Numpy: get the index of the elements of a 1d array as a 2d array

Question

I have a numpy array like this: [1 2 2 0 0 1 3 5]

Is it possible to get the index of the elements as a 2d array? For instance the answer for the above input would be [[3 4], [0 5], [1 2], [6], [], [7]]

Currently I have to loop the different values and call numpy.where(input == i) for each value, which has terrible performance with a big enough input.

`np.argsort([1, 2, 2, 0, 0, 1, 3, 5])` gives `array([3, 4, 0, 5, 1, 2, 6, 7], dtype=int64)`. then you can just compare next elements. — vb_rises, Oct 20 '19 at 03:01

Paul Panzer · Accepted Answer · 2020-02-05T07:17:37.367

Here is an O(max(x)+len(x)) approach using scipy.sparse:

import numpy as np
from scipy import sparse

x = np.array("1 2 2 0 0 1 3 5".split(),int)
x
# array([1, 2, 2, 0, 0, 1, 3, 5])


M,N = x.max()+1,x.size
sparse.csc_matrix((x,x,np.arange(N+1)),(M,N)).tolil().rows.tolist()
# [[3, 4], [0, 5], [1, 2], [6], [], [7]]

This works by creating a sparse matrix with entries at positions (x[0],0), (x[1],1), ... Using the CSC (compressed sparse column) format this is rather simple. The matrix is then converted to LIL (linked list) format. This format stores the column indices for each row as a list in its rows attribute, so all we need to do is take that and convert it to list.

Note that for small arrays argsort based solutions are probably faster but at some not insanely large size this will cross over.

EDIT:

argsort-based numpy-only solution:

np.split(x.argsort(kind="stable"),np.bincount(x)[:-1].cumsum())
# [array([3, 4]), array([0, 5]), array([1, 2]), array([6]), array([], dtype=int64), array([7])]

If the order of indices within groups doesn't matter you can also try argpartition (it happens to make no difference in this small example but this is not guaranteed in general):

bb = np.bincount(x)[:-1].cumsum()
np.split(x.argpartition(bb),bb)
# [array([3, 4]), array([0, 5]), array([1, 2]), array([6]), array([], dtype=int64), array([7])]

EDIT:

@Divakar recommends against the use of np.split. Instead, a loop is probably faster:

A = x.argsort(kind="stable")
B = np.bincount(x+1).cumsum()
[A[B[i-1]:B[i]] for i in range(1,len(B))]

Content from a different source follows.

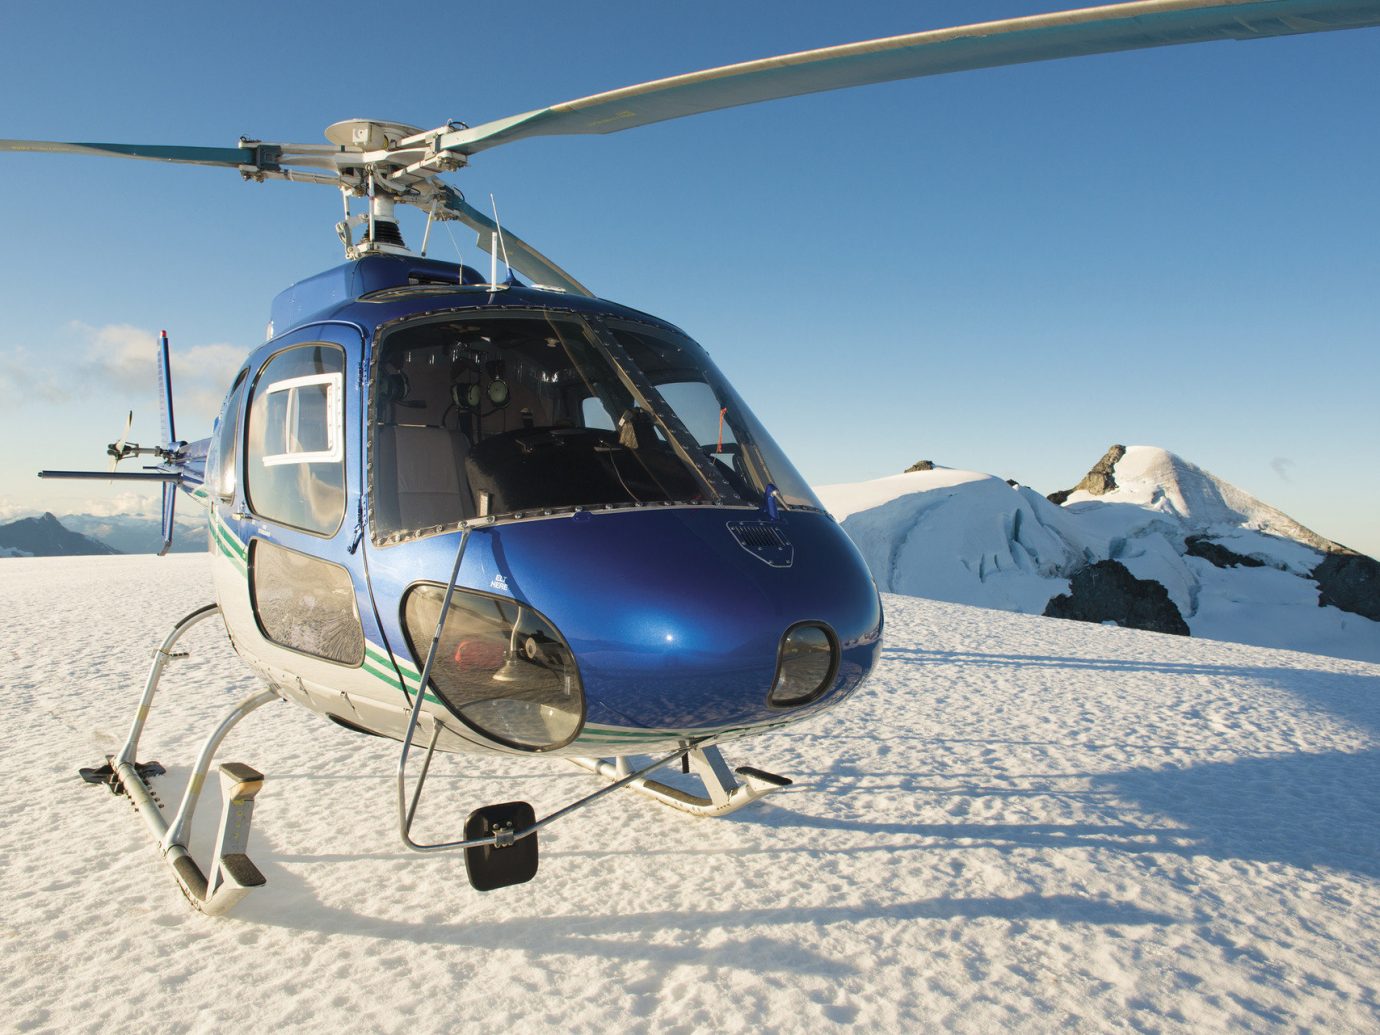 helicopter Hotels isolation Luxury Travel Mountains remote snow transportation Winter sky outdoor vehicle helicopter rotor rotorcraft aircraft transport atmosphere of earth aviation military helicopter flight autogiro
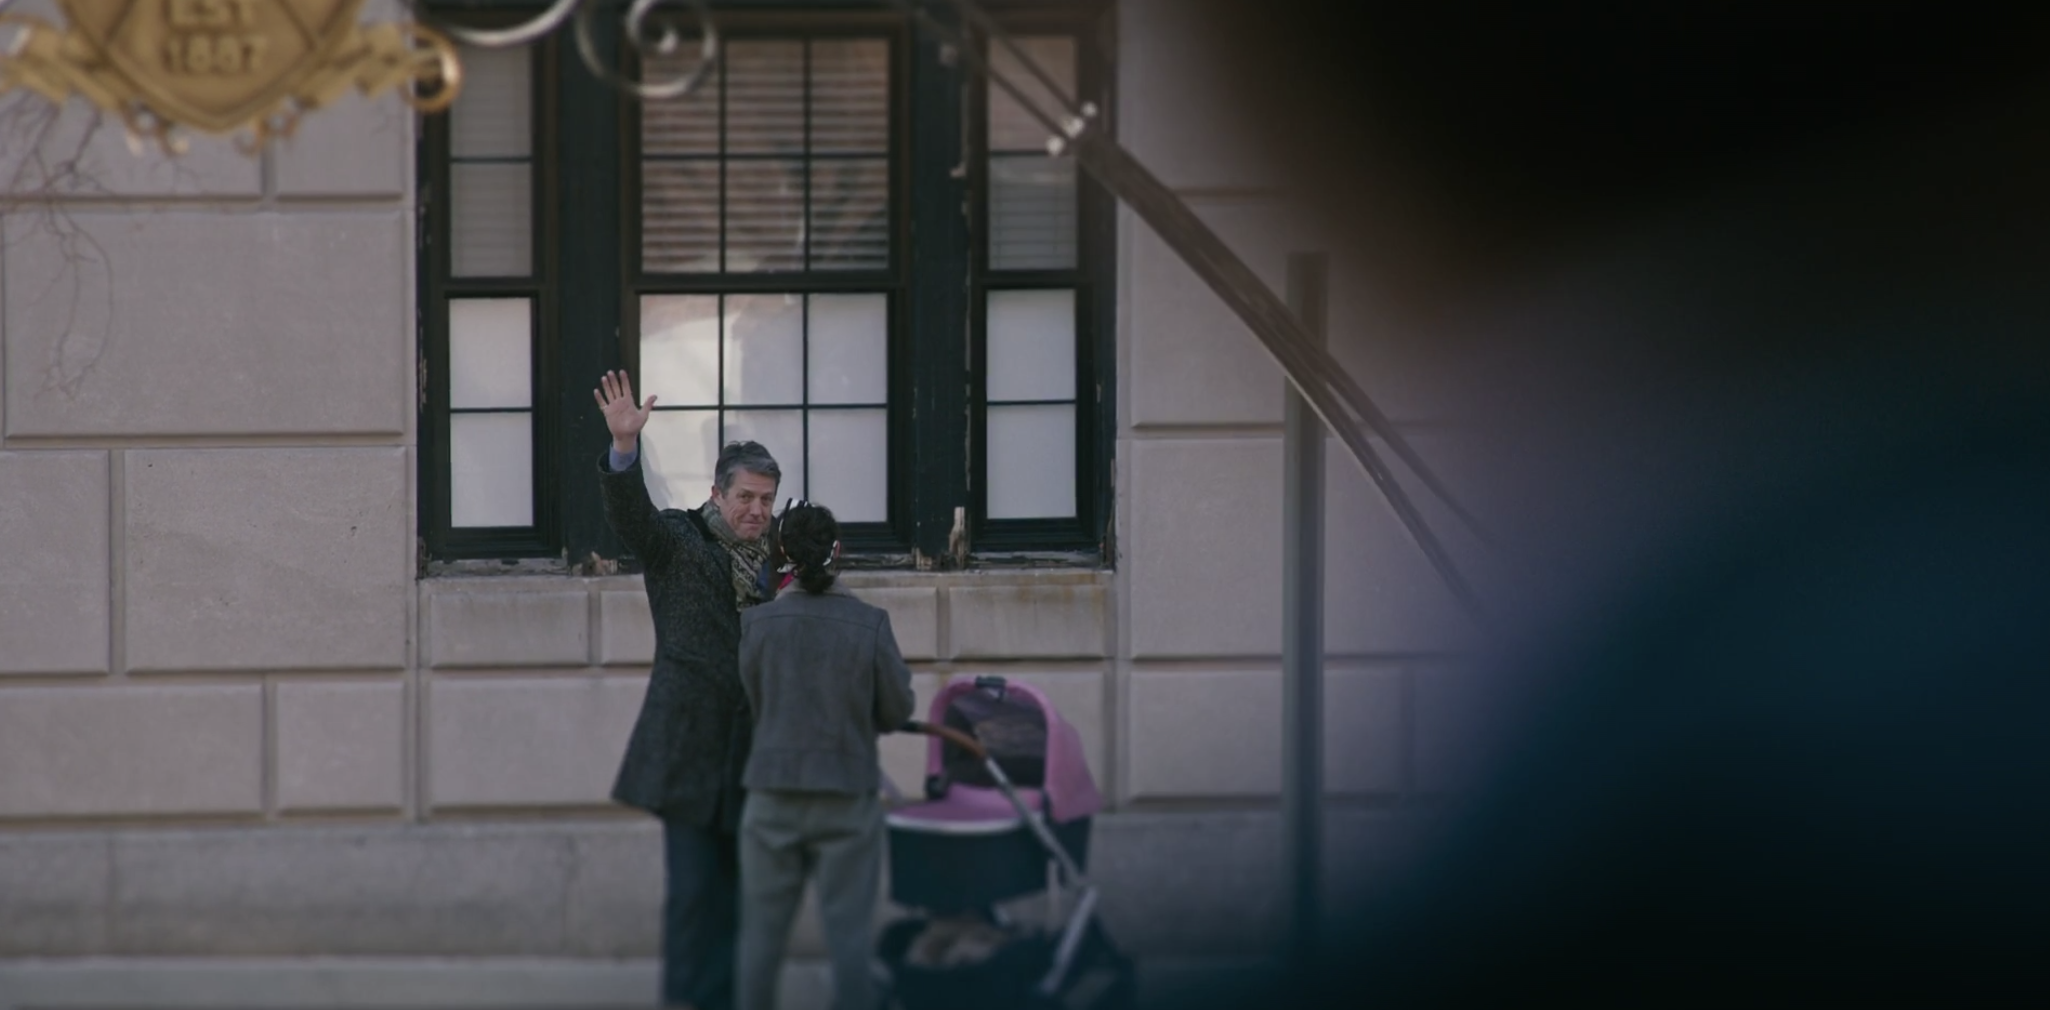 Jonathan waving to Henry while speaking to Elena.

Or you could use the brand new (Python3.8+) walrus operator:

A = x.argsort(kind="stable")
B = np.bincount(x)
L = 0
[A[L:(L:=L+b)] for b in B.tolist()]

EDIT(EDITED):

(Not pure numpy): As an alternative to numba (see @senderle's post) we can also use pythran.

Compile with pythran -O3 <filename.py>

import numpy as np

#pythran export sort_to_bins(int[:],int)

def sort_to_bins(idx, mx):
    if mx==-1: 
        mx = idx.max() + 1
    cnts = np.zeros(mx + 2, int)
    for i in range(idx.size):
        cnts[idx[i] + 2] += 1
    for i in range(3, cnts.size):
        cnts[i] += cnts[i-1]
    res = np.empty_like(idx)
    for i in range(idx.size):
        res[cnts[idx[i]+1]] = i
        cnts[idx[i]+1] += 1
    return [res[cnts[i]:cnts[i+1]] for i in range(mx)]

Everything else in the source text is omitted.